Okay, this one seems to just be me, so I’ll make it quick. Maybe it’s because I didn’t get into X-Men comics until the 90s, when the vast majority of mainstream comics weren’t doing anything to be proud of, and Wolverine’s appeal was thought to be self-evident, but I just don’t get it. He has claws and acts all brooding and badass. How does that not get old? Or failing that, how does it make him interesting enough to be front and center of Marvel’s entire product line? The best super heroes are inspirational. Superman is an icon of hope, a being who devotes his gifts to helping the helpless. Wonder Woman teaches women that they, too are powerful, and don’t need men to validate their power. Green Lantern is based around a simple yet beautiful idea: if you have the will to overcome great fear, you can do anything. Wolverine is based around the notion that retractable metal claws and not caring about rules are awesomesauce.

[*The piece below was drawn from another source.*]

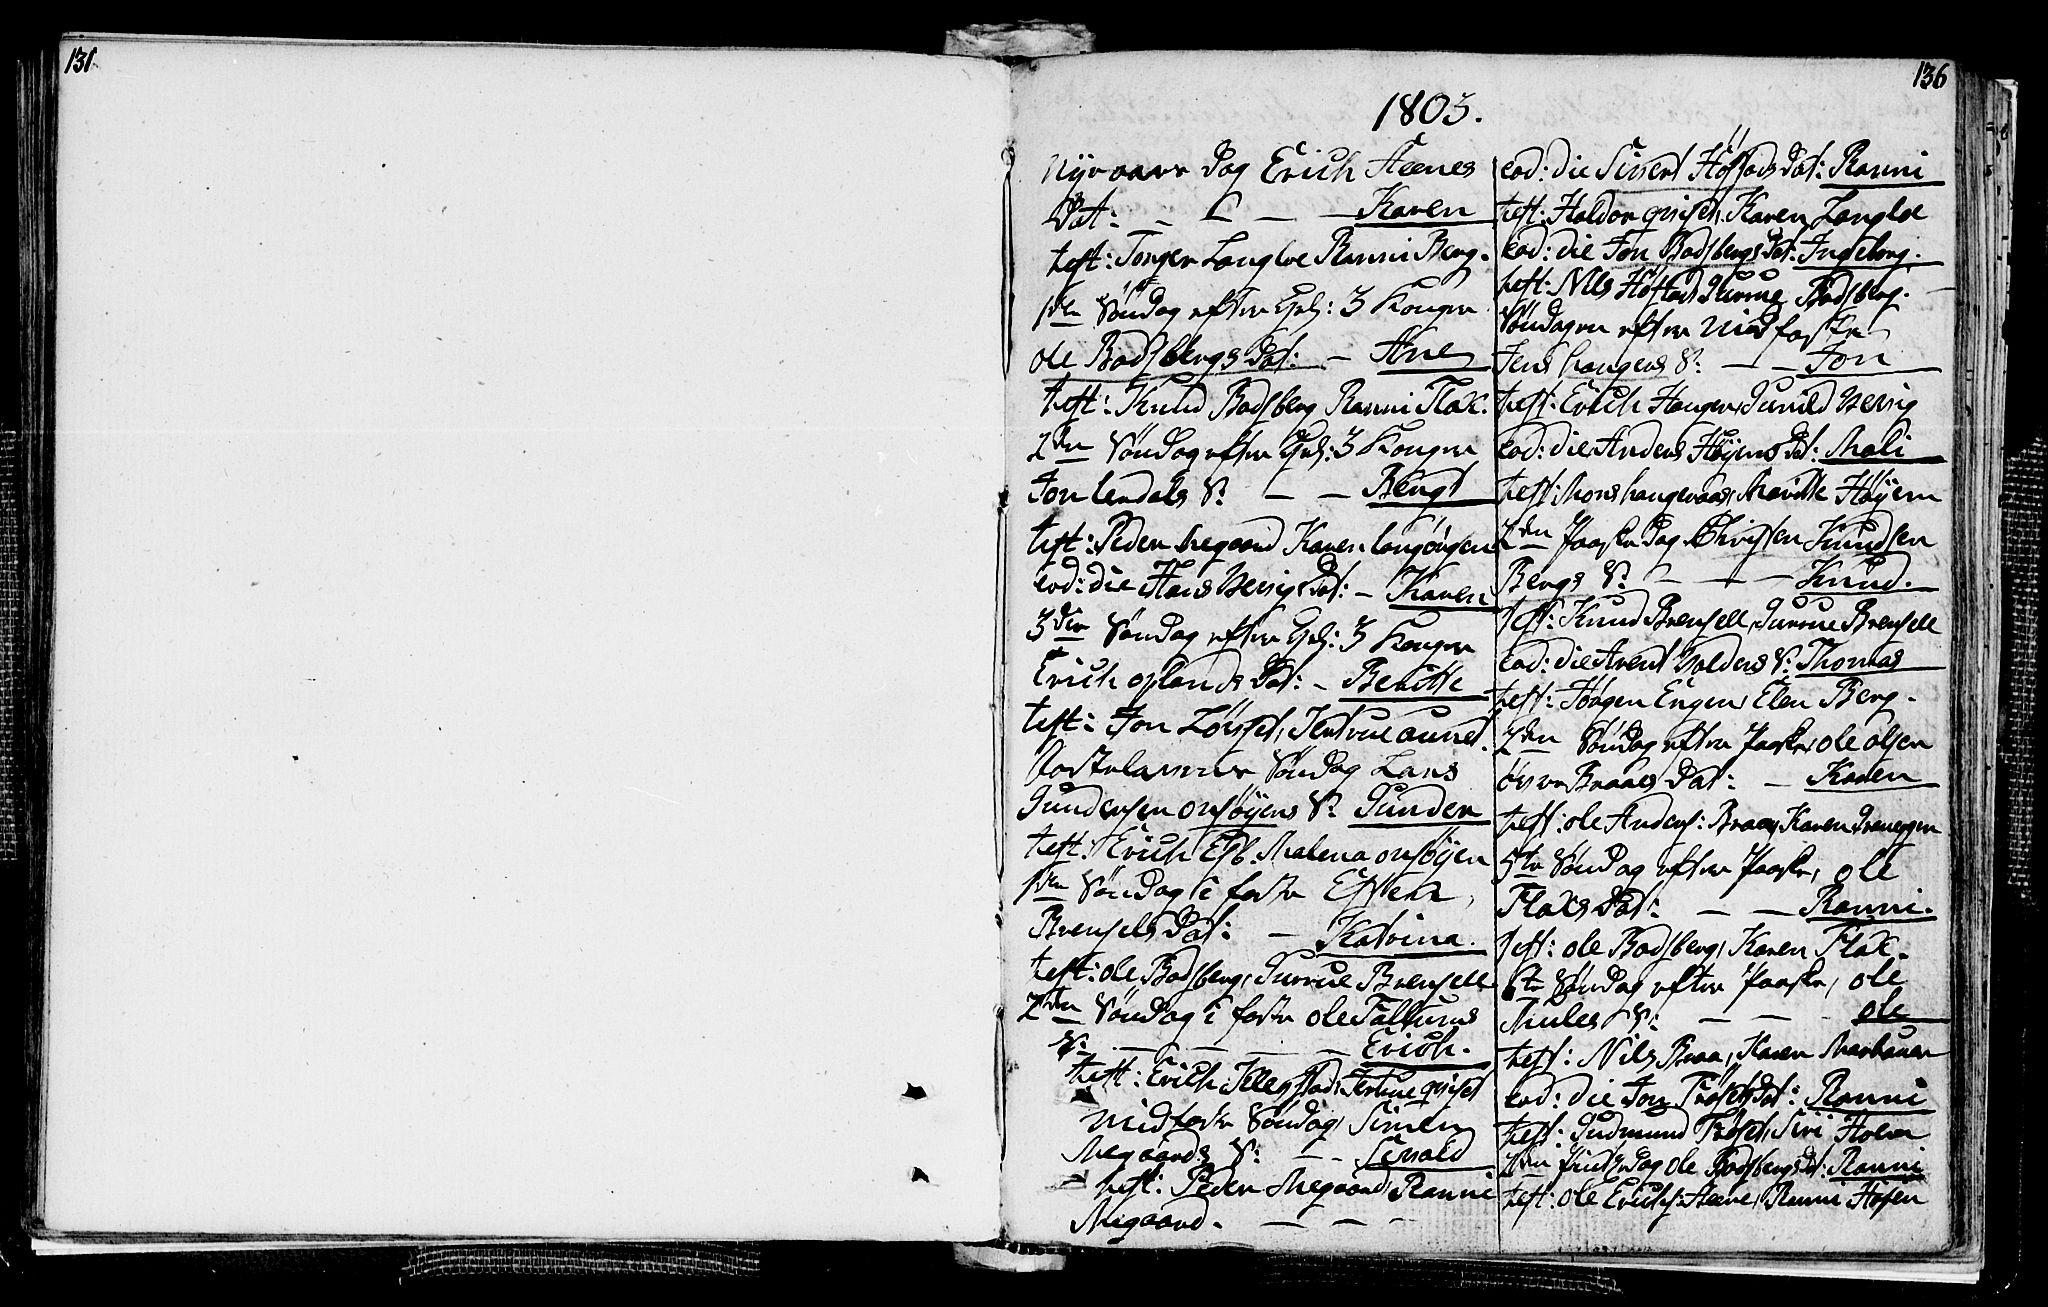 SAT, Ministerialprotokoller, klokkerbøker og fødselsregistre - Sør-Trøndelag, 612/L0371: Ministerialbok nr. 612A05, 1803-1816, s. 135-136

And his starring role in two of the last three major Marvel event books has entailed trying to solve the big problem with murder, whether it was killing an innocent teenage girl in Avengers Vs. X-men or a founding Avenger in Age of Ultron. By the way, in AvX, Cyclops wanted that teenage girl to get the Phoenix force and reignite mutant kind, which is exactly what ultimately happened, but because he went a little nuts on Phoenix force himself he’s been branded a villain. In Age of Ultron, Wolverine personally broke literally all of reality travelling in time to murder Ant-man then undo said murder because it didn’t fix anything, but nobody seems to mind. What the hell.

Still just me? Fine, whatever.

Who does it better?

John Constantine. He doesn’t care about rules, he also acts badass to cover a tormented soul, but at least he has the decency to acknowledge he’s a bastard. And when he does end up in charge of a team (he currently leads the Justice League Dark, while Wolverine is currently head X-man, because why wouldn’t a chain-smoking serial killer who broke time be a great role model for mutant children), the rest of the team follows him begrudgingly at best.

Although they could both use a better movie.

Disagree with any of these? Think I missed someone? Hit me up in the comments.

Author: danny_g

Danny G, your humble host and blogger, has been working in community theatre since 1996, travelling the globe on and off since 1980, and caring more about nerd stuff than he should since before he can remember. And now he shares all of that with you.

One thought on “Wait… I’m supposed to LIKE this character?”

  1. I agree Diane, is so annoying, and pretentious. The episode “Diamond Sam” Was the final nail in the coffin for me. Perhaps it was because in the previous episode she was SO annoying with her presumption the Sam was “going to ask her to marry him” that I just couldn’t handle her in the next episode having Sam run around like a fool for a worthless rock.